Computational Developments and Applications of the Multi-Resolution Approximation for Massive Spatial Data

Date:

Invited Talk. Virtual presentation in section EO58 - “Recent Developments in Spatial Statistics” of Computational and Methodological Statistics (CMStatistics 2021), hosted by King’s College London, UK.

Abstract

Recent developments of computational implementations and applications of the Multi-Resolution Approximation (MRA) spatial model are presented. Prediction and parameter inference are performed via a basis function representation of a Gaussian Process. Firstly, we introduce a parallel version of the MRA in Matlab for distributed computing environments. This implementation builds upon and improves a previous approach, facilitating computations with data sets on the order of 50 million observations while reducing execution times by up to 75%. Secondly, we provide a first glance at extending the MRA to model nonstationarity at a global scale. A basis function representation of covariance function parameters allows us to capture nuanced spatial dependence across large domains.
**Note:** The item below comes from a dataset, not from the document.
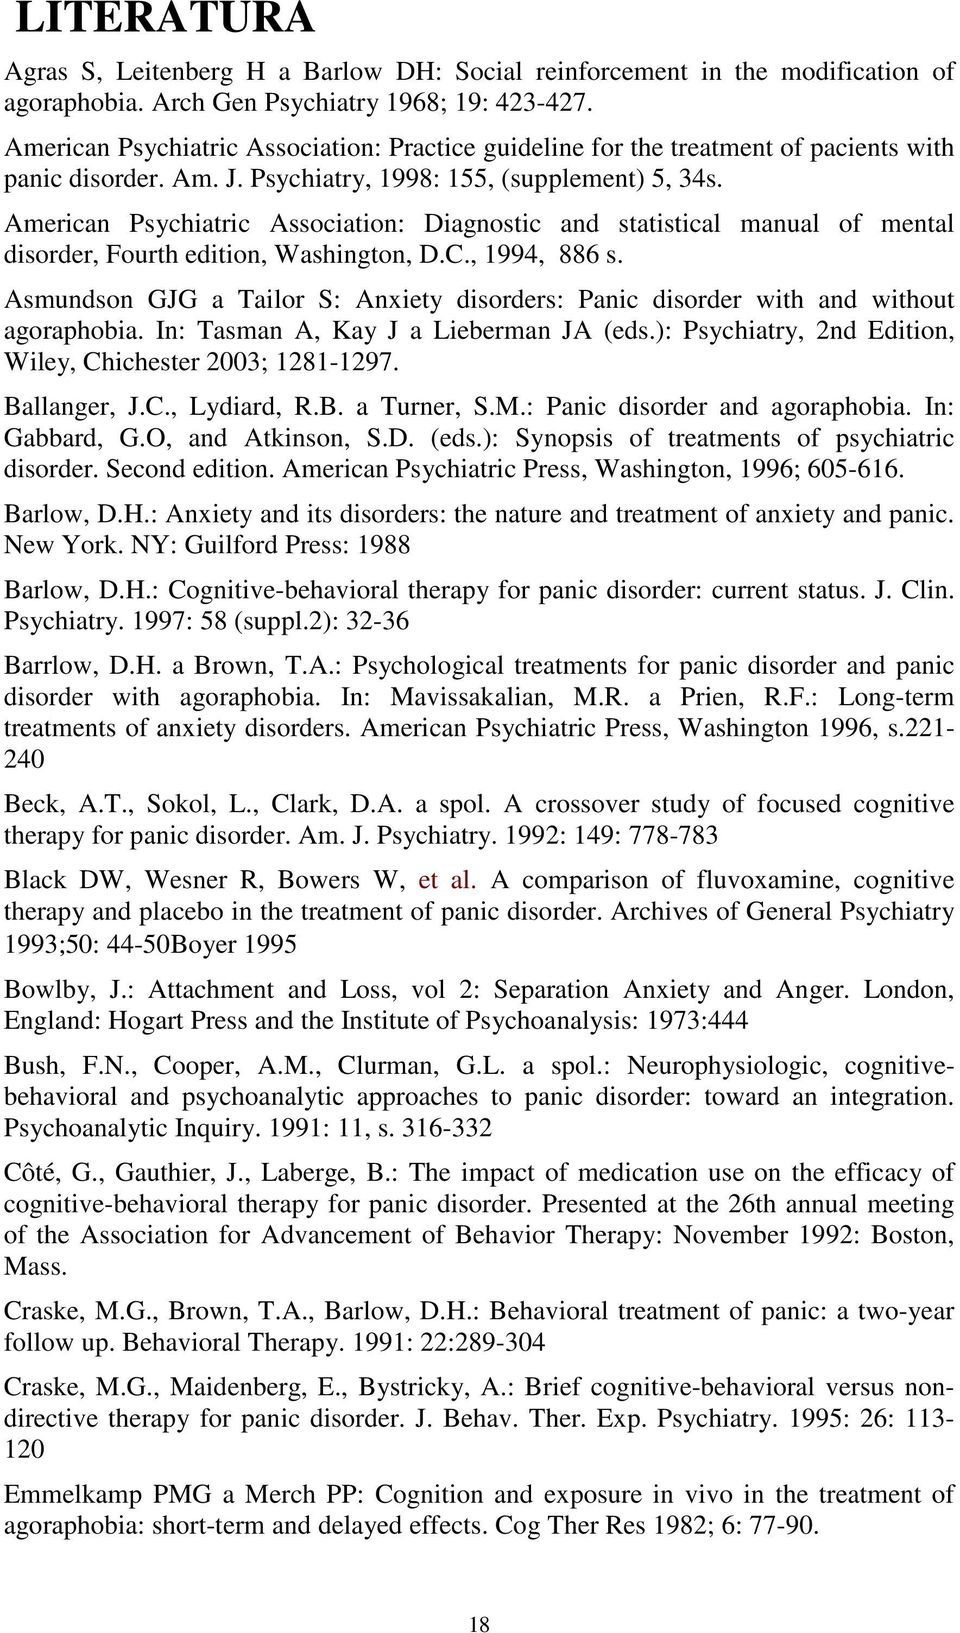 American Psychiatric Association: Diagnostic and statistical manual of mental disorder, Fourth edition, Washington, D.C., 1994, 886 s.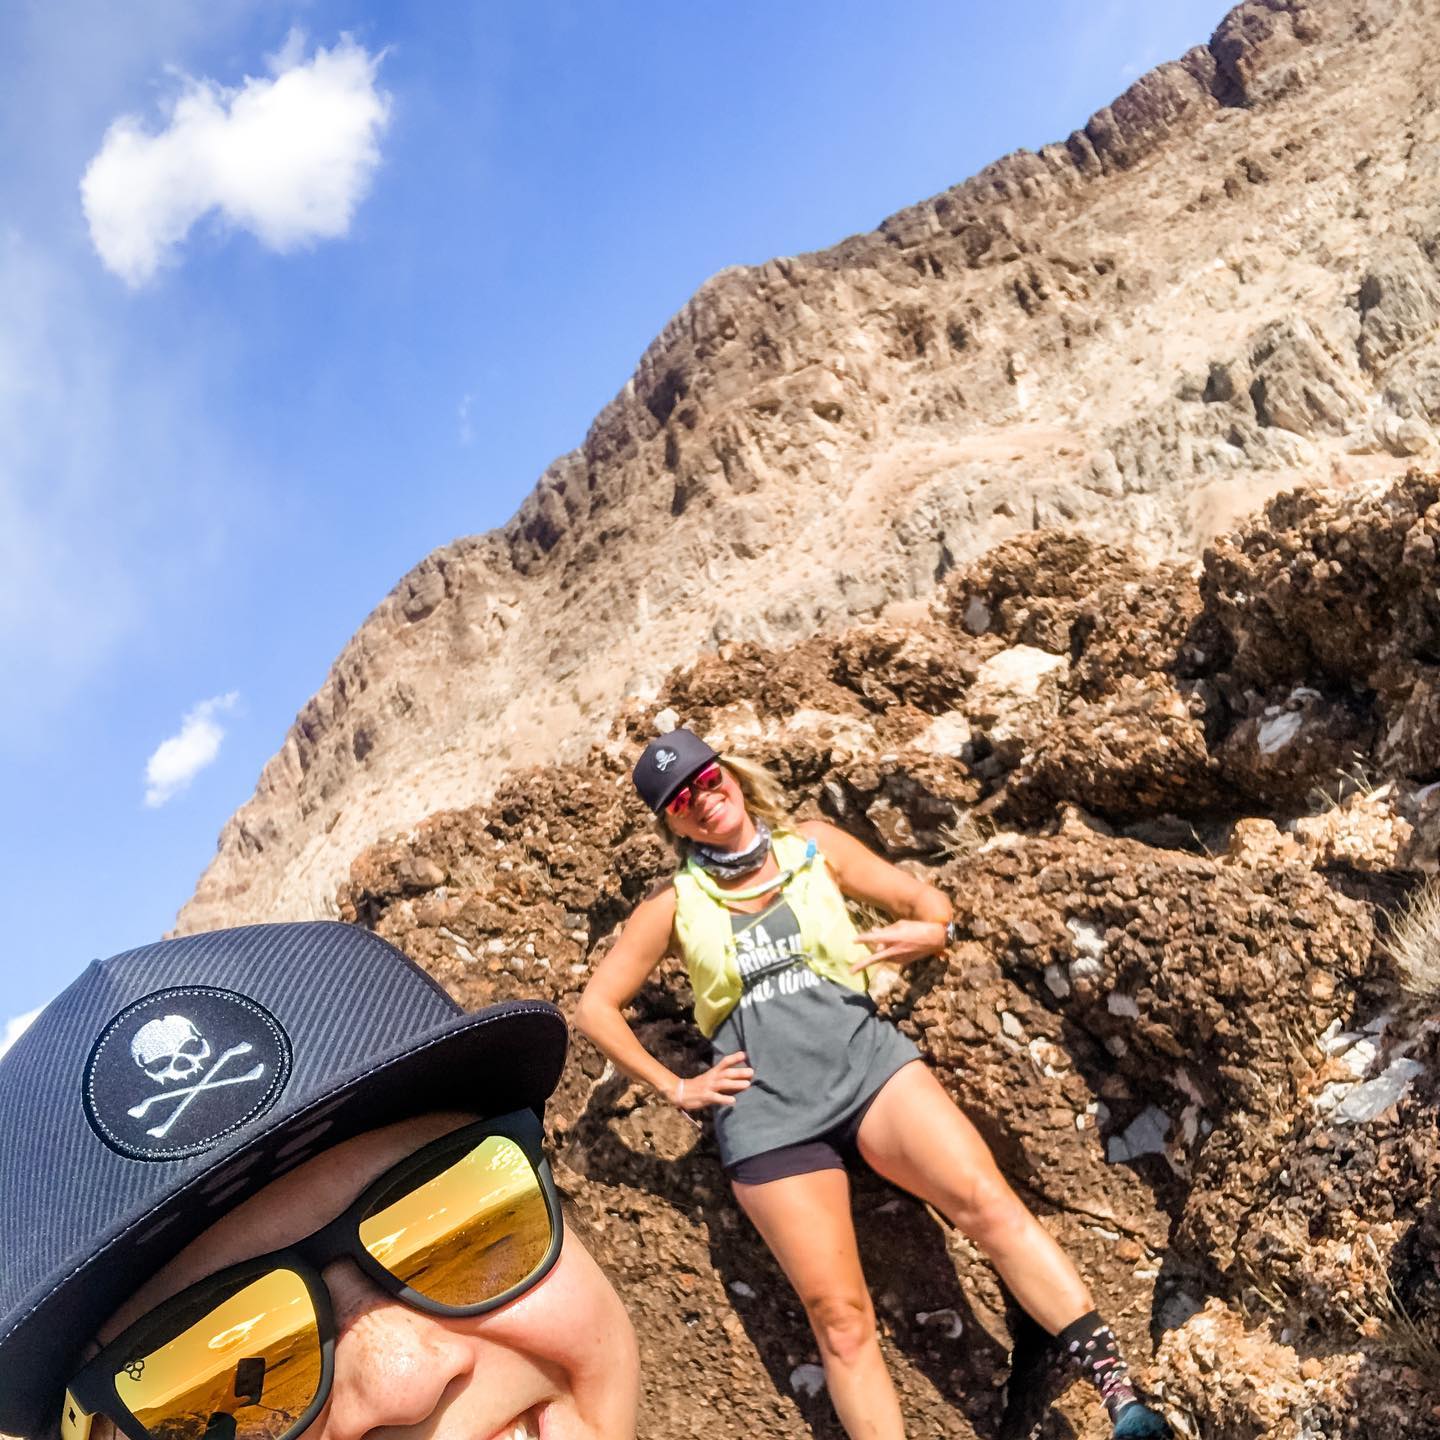 Is it really a long run if you don’t take selfies? What if you take some selfies and a freaky panoramic? 🤣 Fun on the trails with @wining__runner — SWIPE TO THE LAST FEW PHOTOS #baseperformance #teamultra #michelobultra #beyondvegas#flofactoryteam #hshive #teamrivs #nottoday [instagram]

The extension is natural for two reasons: (i) the MRA has been shown to be one of the most computationally efficient and accurate models to analyze large spatial data sets, (ii) the hierarchical domain partitioning imposed by the MRA explicitly defines regions of spatial dependence allowing for careful construction of nonstationary covariance functions. We apply this methodology to global measurements of sea surface temperature data from the Moderate Resolution Imaging Spectroradiometer onboard NASA’s Aqua satellite.